There is a really crude benchmark script which compares the speed of hirola against Python’s set(). The number it emits is how many times faster hirola is (i.e. big number is better). For historical reasons, it is invoked via:

python tests/benchmarks.py benchmark

I am in the process of replacing this script.

Please note that the binaries on PyPI are compiled with clang instead of gcc. Clang produces binaries which are about 20% faster so unless you also compile with clang, it is not meaningful to compare to a hirola downloaded from PyPI.

Before Submission

Before you submit a pull request, here is a checklist of things that I am likely to moan about if your changes don’t meet the criteria below.

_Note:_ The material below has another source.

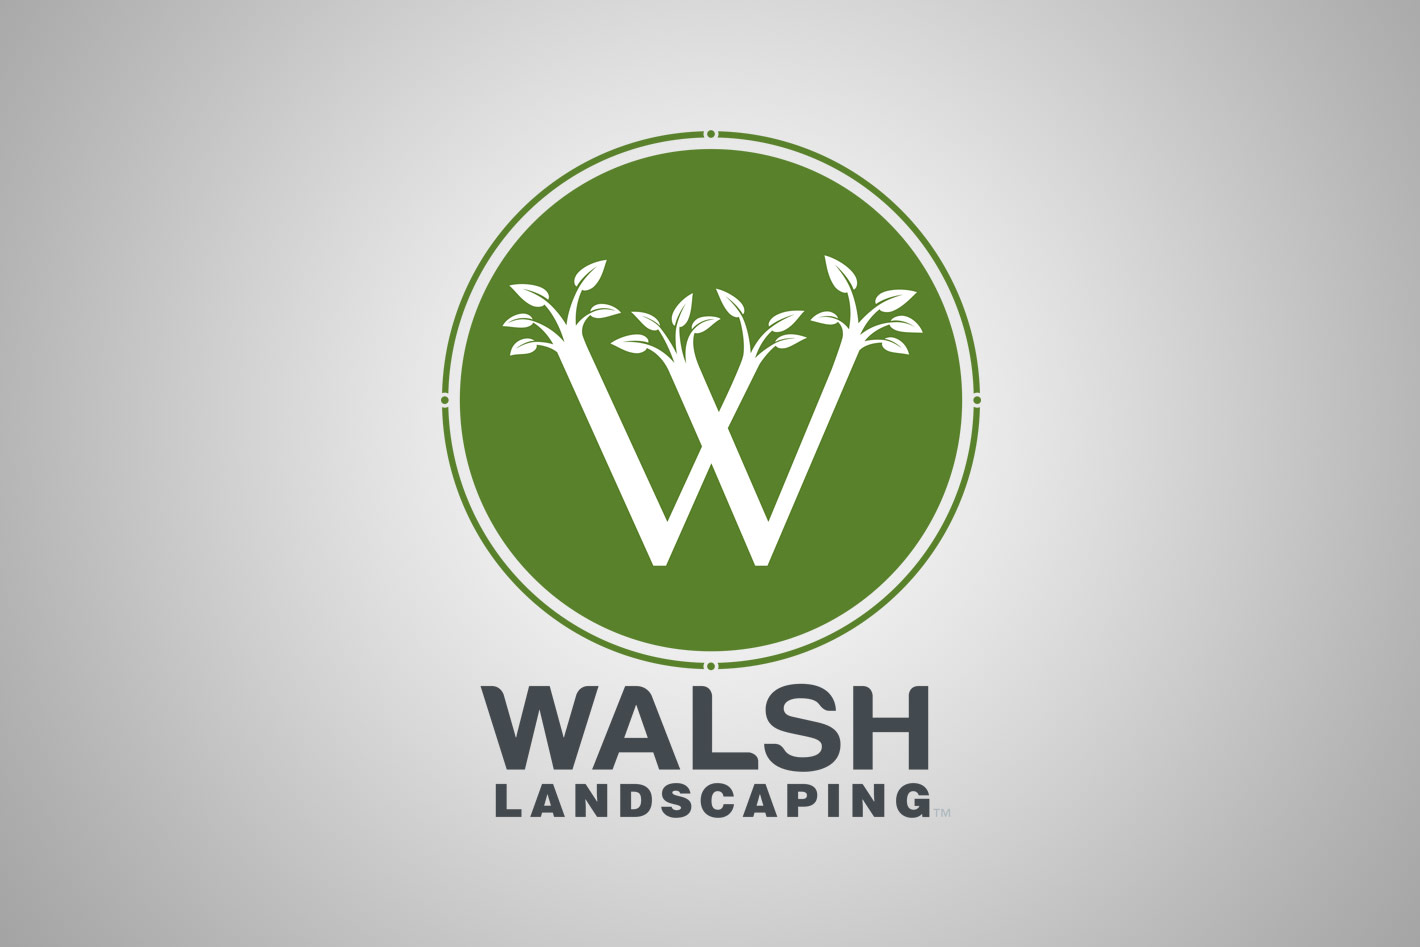 Walsh Landscaping logo

  1. Make sure that there are no nonfunctional or stylistic changes to existing code. I don’t give a wet-slap about PEP8 - I care very much about the signal to noise ratio of git log -S "new code", git log -- filename.py and git diff as well as the ability to merge, cherry-pick and rebase without merge conflicts.

  2. The test suite passes with 100% coverage (see Test and Run coverage). If your adding code then this means that you will also have to add tests to keep coverage happy.

  3. If adding functionality, the docs need to be updated. Add Google style docstrings to new classes or functions, ensure that they appear somewhere in the API reference section of the docs and, unless the feature is quite niche, find a good place to add it to the README.rst.

  4. There is a clear distinction between public and private API. Anything that is intended to be used by end users should be documented. Any functions that aren’t intended for use should have an underscore prefixed name or be defined in an underscore prefixed submodule to serve as a signal both to users and IDE code completions not to use them. Hidden, undocumented or barely documented functionality leads to nightmares where users don’t know what they can safely use without fear of their code breaking after upgrading hirola and hirola developers can’t change anything for fear of breaking someone else’s downstream project.

  5. Python source code should be formatted by yapf (see Run automatic code formatter).

  6. Proper grammar is used for anything textual. This means capital letters, full stops and no skipping the joining words - this goes for comments, documentation, docstrings and commit messages.

That’s you, go ahead and submit…

If you wish, append By your name / username / email / URL / some other piece of information you wish to be identified by to a commit message and I will add it to the credits section of the README.